The SQLite documentation says (here) that you can avoid checkpoint pauses in WAL-mode by running the checkpoints on a separate thread. I tried this, and it doesn't appear to work: the '-wal
' file grows without bound, it is unclear whether anything is actually getting copied back into the main database file, and (most important) after the -wal
file has gotten big enough (over a gigabyte) the main thread starts having to wait for the checkpointer.
In my application the main thread continuously does something essentially equivalent to this, where generate_data
is going to spit out order of a million rows to be inserted:
db = sqlite3.connect("database.db")
cursor = db.cursor()
cursor.execute("PRAGMA wal_autocheckpoint = 0")
for datum in generate_data():
# It is a damned shame that there is no way to do this in one operation.
cursor.execute("SELECT id FROM strings WHERE str = ?", (datum.text,))
row = cursor.fetchone()
if row is not None:
id = row[0]
else:
cur.execute("INSERT INTO strings VALUES(NULL, ?)", (datum.text,))
id = cur.lastrowid
cursor.execute("INSERT INTO data VALUES (?, ?, ?)",
(id, datum.foo, datum.bar))
batch_size += 1
if batch_size > batch_limit:
db.commit()
batch_size = 0
and the checkpoint thread does this:
db = sqlite3.connect("database.db")
cursor = db.cursor()
cursor.execute("PRAGMA wal_autocheckpoint = 0")
while True:
time.sleep(10)
cursor.execute("PRAGMA wal_checkpoint(PASSIVE)")

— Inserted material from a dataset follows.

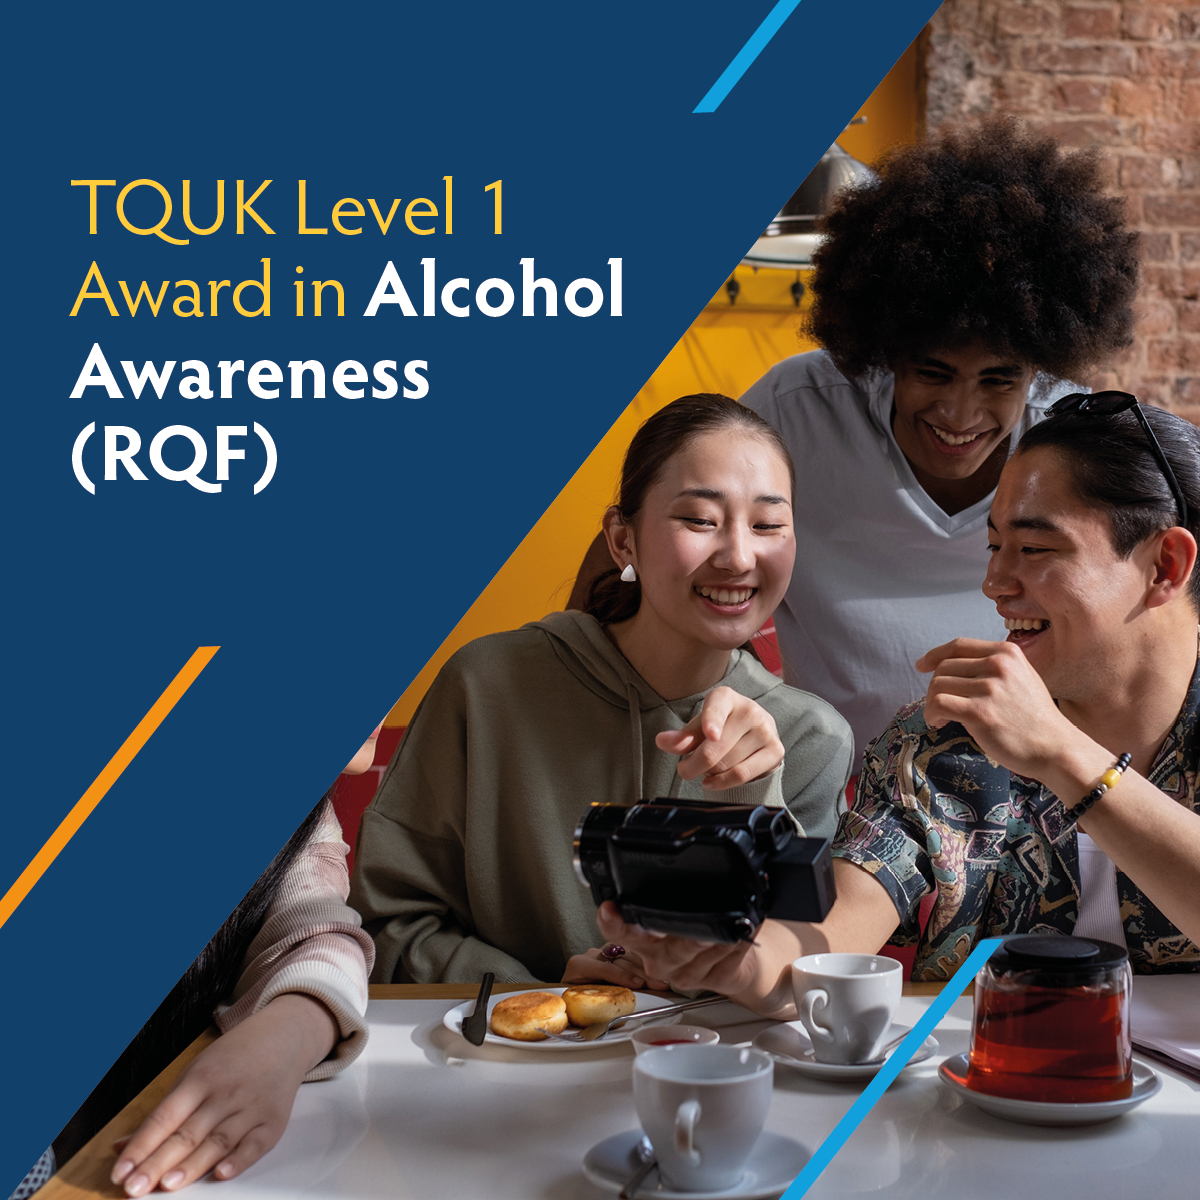 Qualification of the Month: TQUK Level 1 Award in Alcohol Awareness (RQF)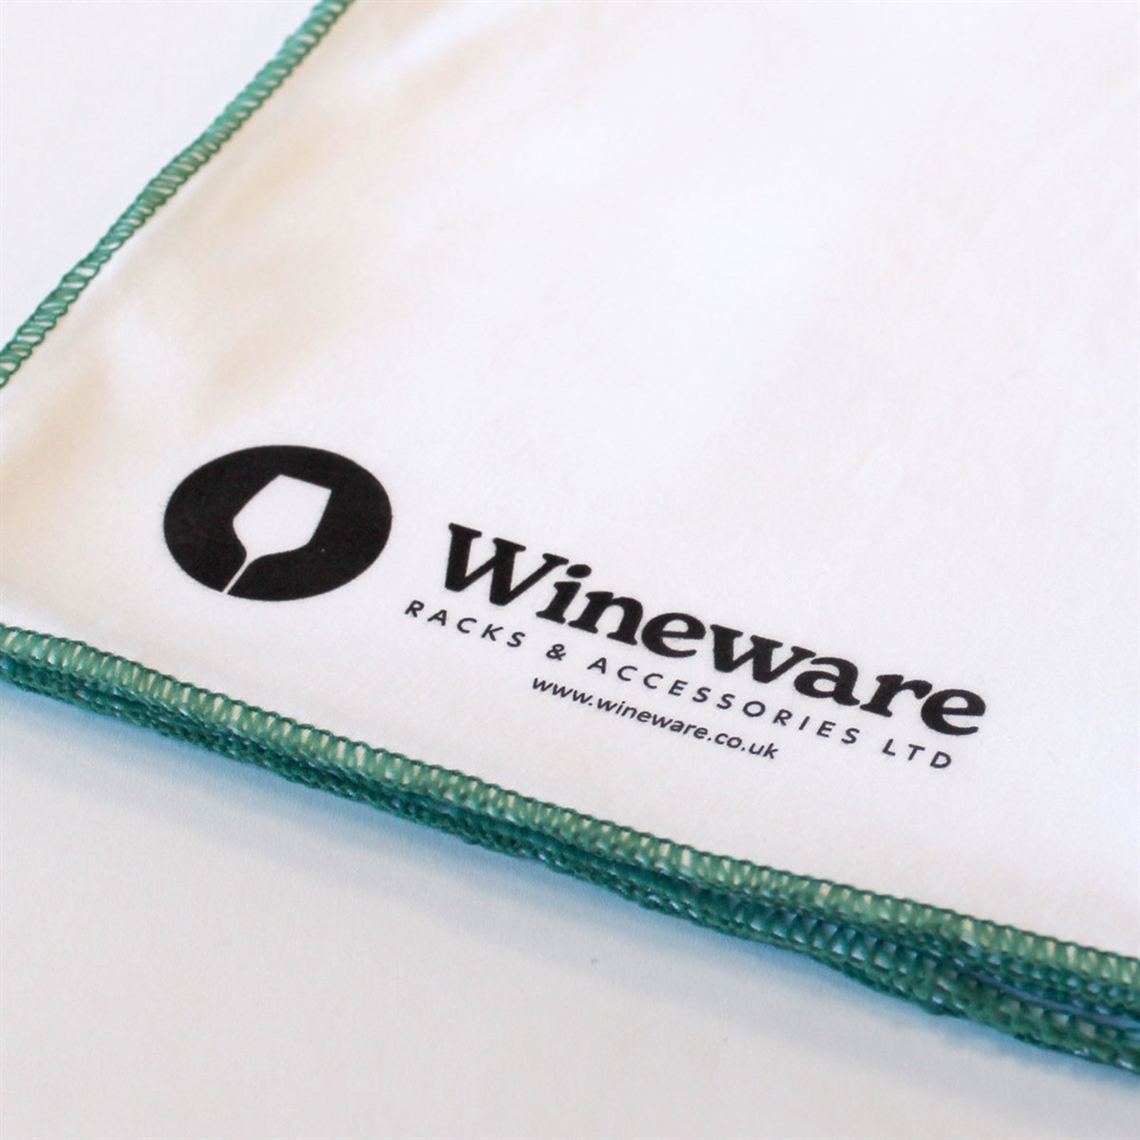 View more schott zwiesel from our Wine Glass Cleaning & Accessories range

(Being on separate threads, they have to have separate connections to the database, because pysqlite doesn't support sharing a connection among multiple threads.) Changing to a FULL or RESTART checkpoint does not help - then the checkpoints just fail.
How do I make this actually work? Desiderata are: 1) main thread never has to wait, 2) journal file does not grow without bound.